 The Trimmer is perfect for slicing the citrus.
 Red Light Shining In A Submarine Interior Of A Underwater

---

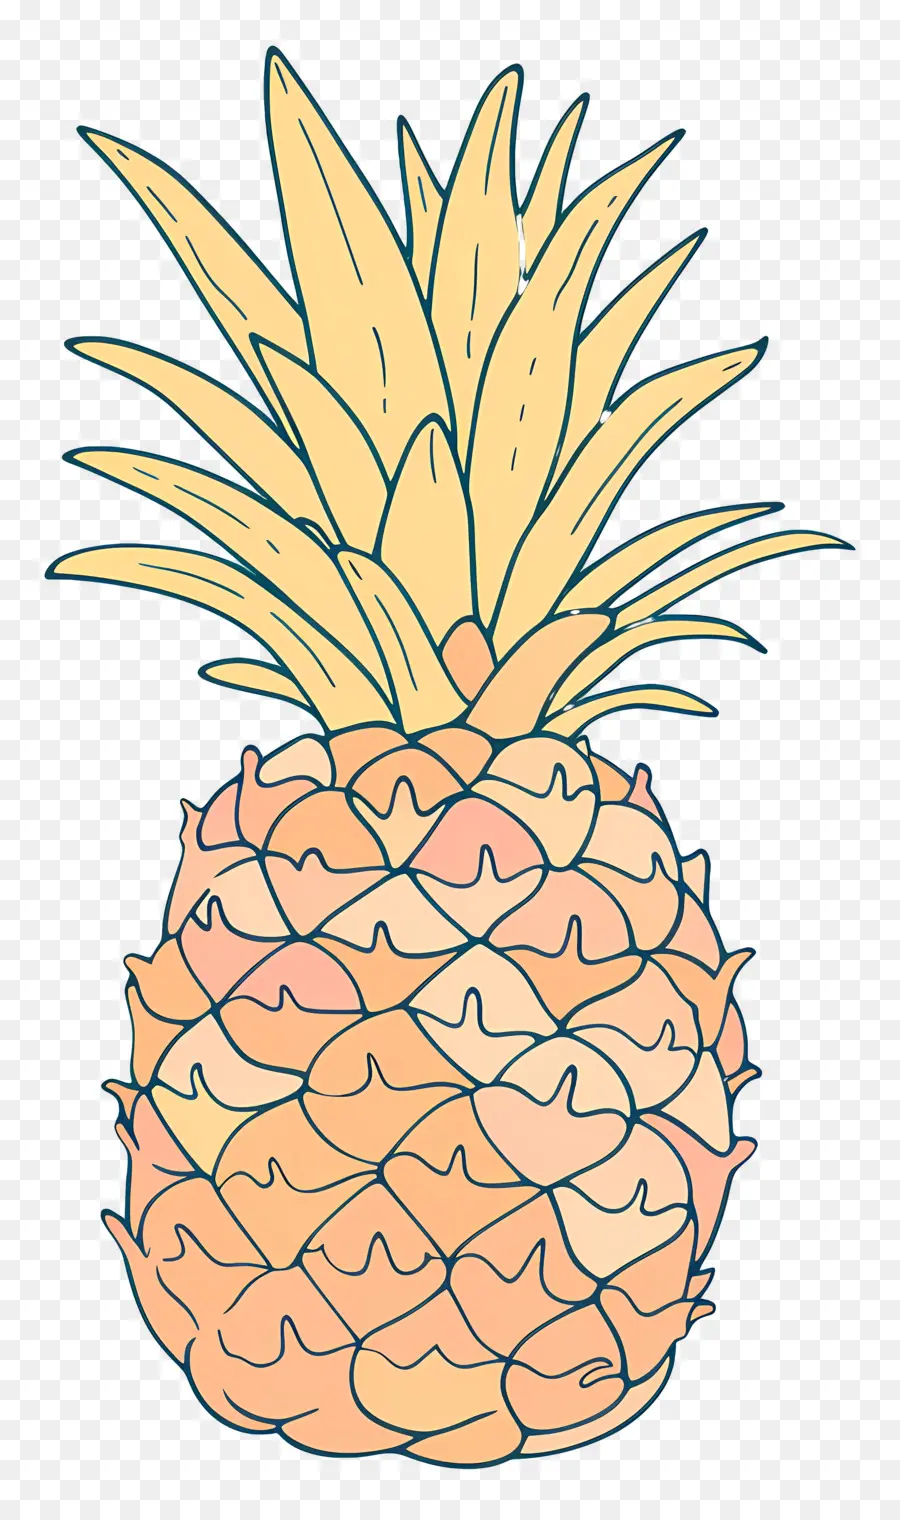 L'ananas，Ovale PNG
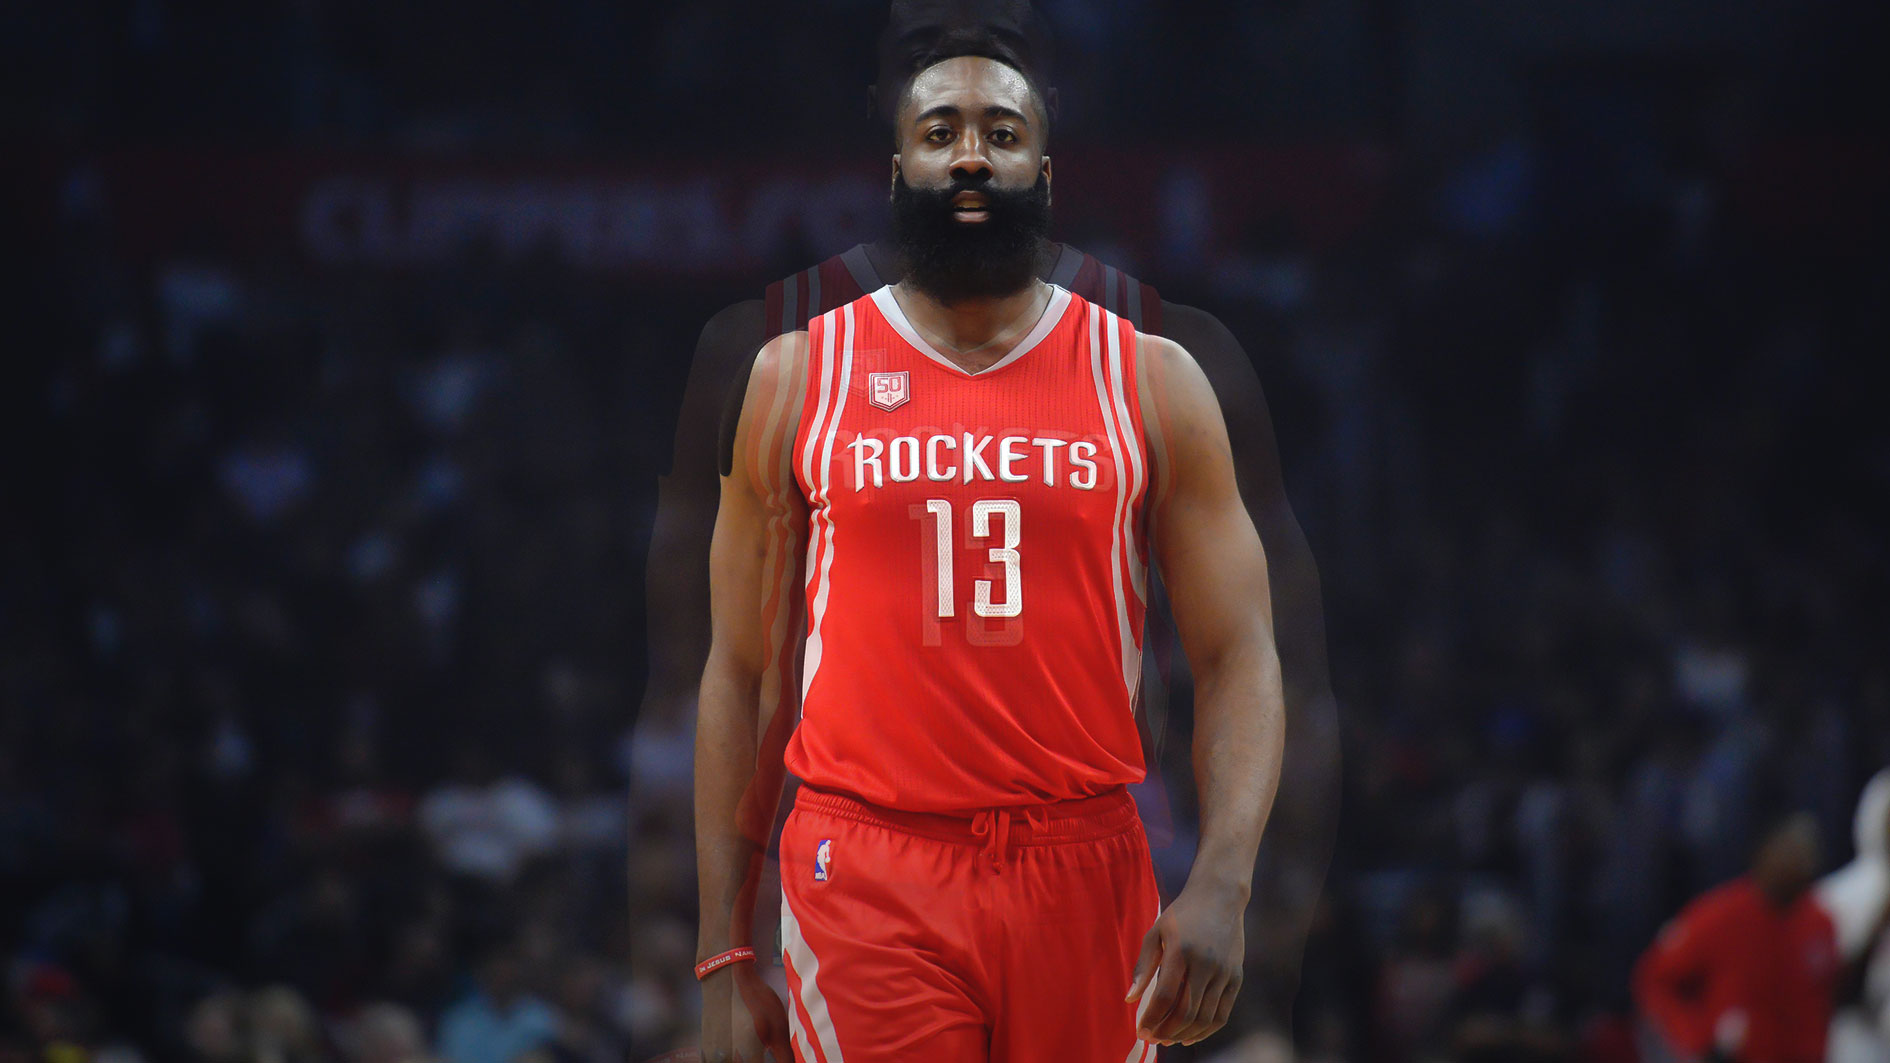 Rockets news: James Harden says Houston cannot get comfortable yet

* [YOUR OBJECTIVE] Transcribe only the lines above that start at the line containing "L'ananas，Ovale PNG" and end at the line containing "Rockets news: James". Omit pictures.

* [RESPONSE TO THIS EXERCISE]
 L'ananas，Ovale PNG
 Rockets news: James Harden says Houston cannot get comfortable yet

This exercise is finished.